En las escrituras solo hay referencia al nacimiento de Cristo en relación con la muerte de Herodes (según Lucas y Mateo) y hoy podemos relacionarlo a la aparición del cometa Halley (año 12 a.C.). Esto no es relevante, ya que nuestra era comienza el año 1, cualquiera que este haya sido con relación a estos eventos, la pregunta se refiere al día. Dentro de nuestro calendario la fecha de la Navidad es el 25 de diciembre, sobre la cual no hay mención en las escrituras y fue establecida recién en el año 451.

Fue el papa León I El Magno quien estableció la fecha ‘oficial’ del nacimiento de Cristo, y tuvo muy buen criterio al hacerlo. En el año 451 el solsticio de invierno caía en esa fecha y era una fiesta celebrada en una u otra forma por todas las religiones y por quienes no tenían ninguna. Esto hizo más fácil establecer la Navidad como una fiesta de primer orden para la cristiandad y para los conversos.

DIEZ MIL AÑOS MÁS

En verdad no existe problema con el calendario gregoriano en lo que se refiere a eventos recientes, como tampoco lo existe con ningún otro calendario utilizado hoy. El problema surge cuando se va atrás en el tiempo, pues no existe el año cero (0) y las fechas se restan negativamente para todo aquello que ha sucedido antes de la era cristiana. Existe una observación matemática lógica a esta división de fechas, pues el tiempo corre en una dirección y nuestro calendario histórico corre en dos direcciones.

El cómputo de fechas previas a nuestra era, además de complicarse con la falta del año 0 (requisito para trabajar con cifras negativas), va contra la lógica. En 1995 surgió una propuesta para modificarlo. El geólogo Cesare Emiliani, de la Academia Internacional de Ciencias, propuso un nuevo calendario que coincidiría con la época geológica que vivimos: el Holoceno.

Se estima que el Holoceno se inició unos 10.000 años antes del nacimiento de Cristo. Esta es una fecha importante –si bien no tan precisa– porque marca el final de la era glacial y el inicio de la agricultura. La fauna de hoy es la del Holoceno, que incluye una serie de fechas importantes para la humanidad, y que hoy se cuentan para atrás. La propuesta concreta de Emiliani era iniciar el calendario 10.000 años antes de la era cristiana, con lo cual hoy estaríamos en el año 12011.

DE JERICÓ AL AÑO 11

Según este calendario, la fundación de la ciudad de Jericó –que se estima en el año 7000 a.C.– tendría la fecha 3017. La fundación de Roma (año 753 a.C.) correspondería en el nuevo calendario al 9248.* El nacimiento de Cristo sería en el año 10000 y el descubrimiento de América en el 11492.

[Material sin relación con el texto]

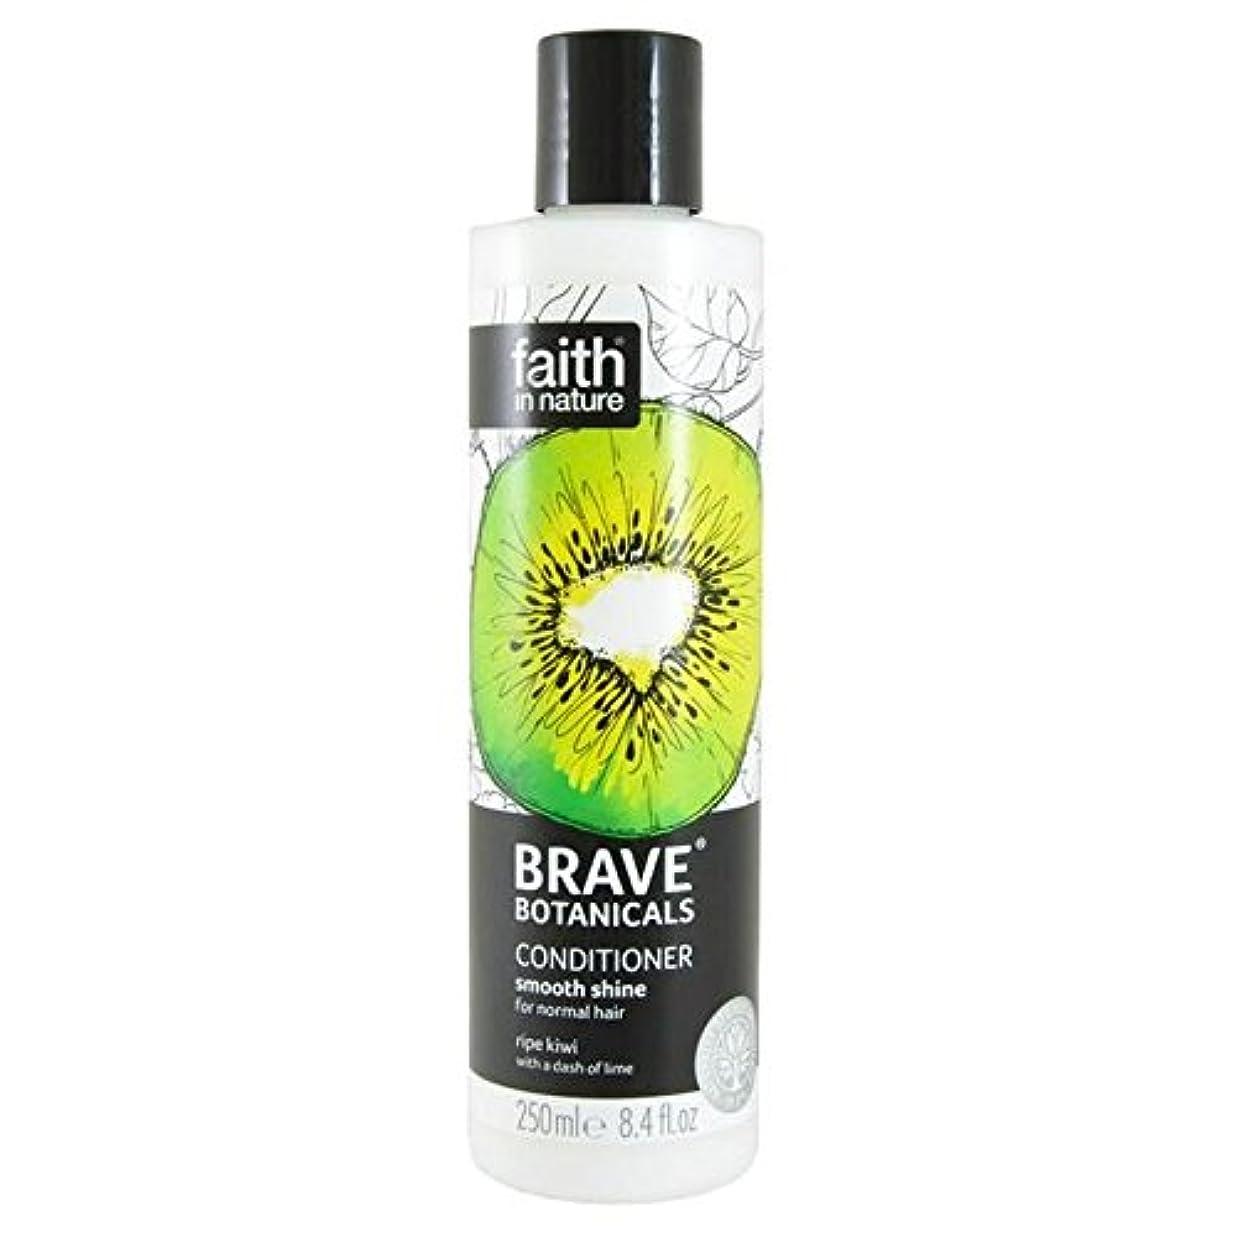 カウント九モンキーBrave Botanicals Kiwi & Lime Smooth Shine Conditioner 250ml (Pack of 4) - (Faith In Nature) 勇敢な植物キウイ&ライムなめらかな輝...

El sistema permitiría prescindir de los dos primeros dígitos en las fechas de eventos corrientes, los cuales se da por sentado que ocurren en el milenio en que vivimos. Así, el 2001 hubiera sido el 1, y nuestras cartas de hoy llevarían la fecha 11, las del año próximo 12 y así sucesivamente. Solo para los eventos históricos se requeriría el 12 mil, que lo precedería. Por lo pronto, la propuesta de Emiliani de prescindir de los primeros dígitos tiene sentido, ya que ningún documento moderno requiere especificar el milenio.

Las fechas de las diversas religiones podrían unificarse y para los historiadores, antropólogos y etnólogos sería mucho más fácil trabajar solo con números positivos. Sería más fácil visualizar la edad de Arquímedes, Platón o Alejandro Magno, pues la fecha de su nacimiento sería siempre anterior a la de su muerte. La propuesta no tuvo éxito pero tiene lógica y esperemos que algún día sea reconsiderada.π

(*) La suma no cuadra porque contando para atrás falta el 0 del año 10000.